The Prime Minister’s speech at the RSA on Tuesday deserves a good kick up the metaphorical backside, for it is an excellent example of how the language of liberty and change has been appropriated to describe actions which are entirely contrary to the principles of liberty, self-government, and human rights – and, of course, change.
Many people have assured me that, without government, there are no rights (‘Look at Somalia!’), and to a certain practical extent, I believe this to be true. If one’s right to life can be trampled upon by someone else with impunity, that right is de facto non-existent. Some government or authority is necessary to guarantee that others cannot infringe my rights – what is known as the rule of law. But that right is equally non-existent if the government itself can trample upon it with impunity, which is why I advocate a limited government without the power to infringe rights. There is naturally room for argument about what system of government best enables that ideal, and about the nature of its limitations and how they are guaranteed. But the ideal itself is sound.
It goes without saying, then, that rights supplied by the government, either through provision or financing, are not what I consider to be ‘rights’ at all, but entitlements; and that a government in the business of providing entitlements is ipso facto approaching the opposite end of the scale from my limited-government ideal, whatever else its virtues may be.

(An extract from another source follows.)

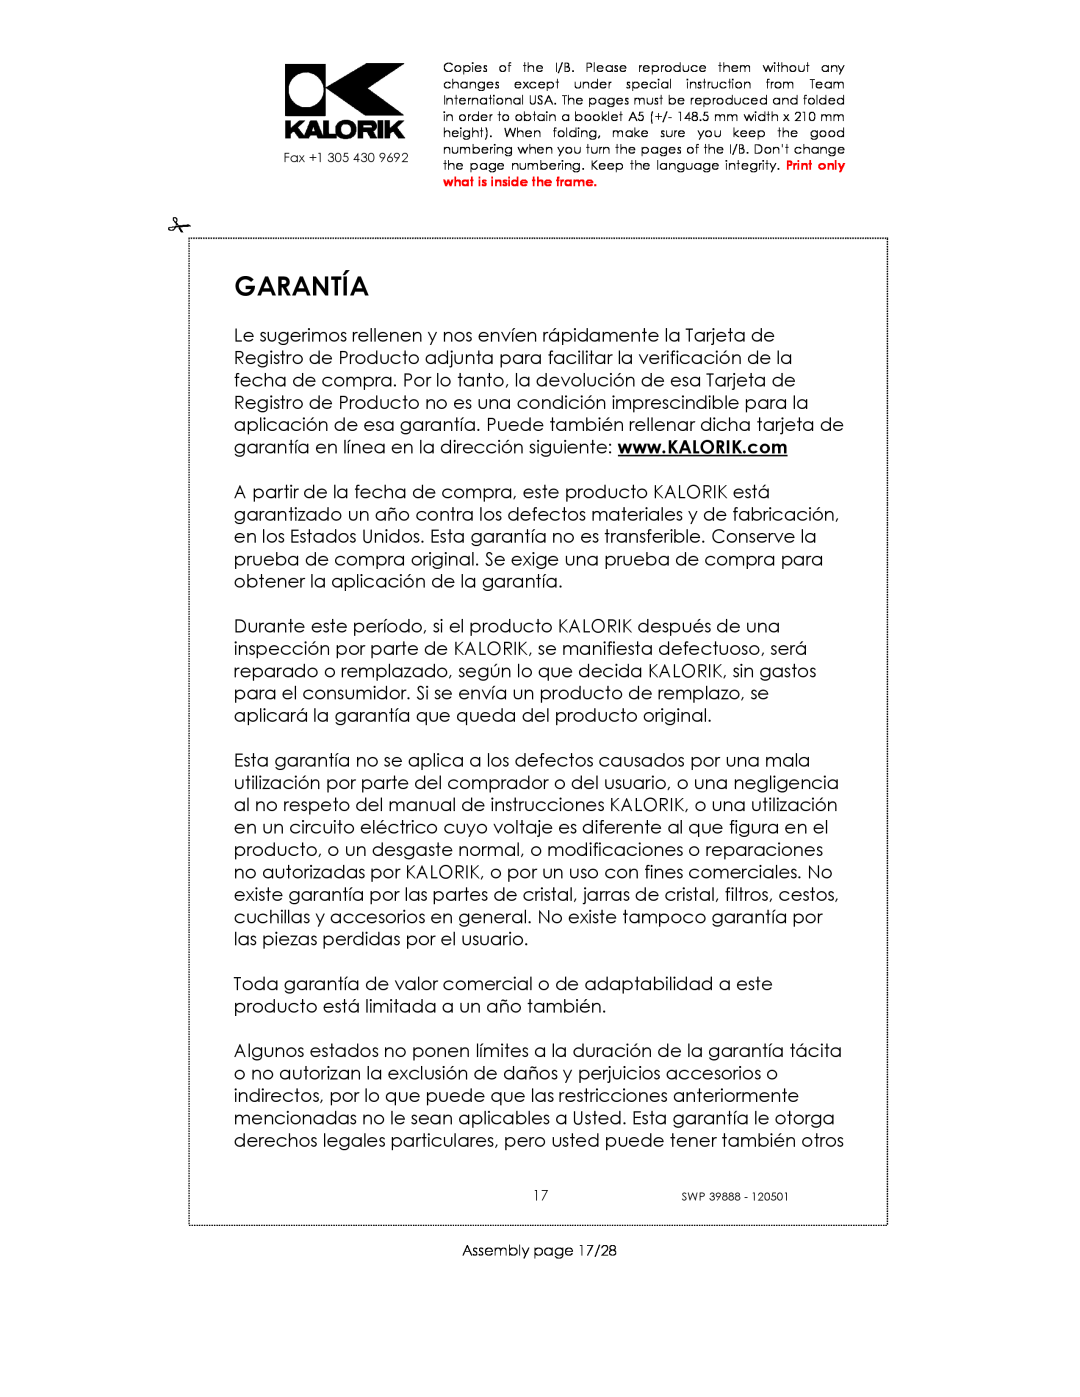 Kalorik SWP 39888 manual Garantía, Assembly page 17/28

Notwithstanding the question of rights versus entitlements, another advantage of limited government is its inability to change itself. Not only does this confer stability, which is certainly an important consideration, it means that the government has not the power to grant itself more power. However small a remit the government might start out with, if it has the wherewithal to arrogate more and more aspects of public (and private) life to itself, it will not stay a limited government for long. So in addition to safeguarding the rights of the people, a truly ‘limited’ government must not contain within itself an easy mechanism for expansive self-alteration.
Only under the auspices of a government weak in all aspects except the rule of law can a people be both in word and in practice free. That, my friends, is liberty.
Gordon Brown clearly does not see things my way.
His speech, called ‘Transforming Politics,’ displays a curious mixture of impotence, brazenness, and lies.
Impotence, because he is the Prime Minister, and most out of all other Britons has the power to transform politics – yet he insists that the people in their diffuse millions must do this, people whose jobs, families, and responsibilities lie outside the realm of politics, people whose sole real political power is a single vote, warped and distended and subject to pressures far more numerous and dislocated than an individual’s choice of candidate. Gordon Brown has his hand on the tiller; he gets on with the job at hand; he single-handedly saved the world’s banking system. Why, then, is the hand he wraps round the lever of the nation’s political culture so weak?
If he truly wanted to transform politics, he with his executive orders and compliant cabinet and virtual stranglehold on his parliamentary party could do so. There is nothing to stop him. He claims to know what the people want, and he unquestionably has the power to make it happen – why insist that nebulous public action be a necessary condition?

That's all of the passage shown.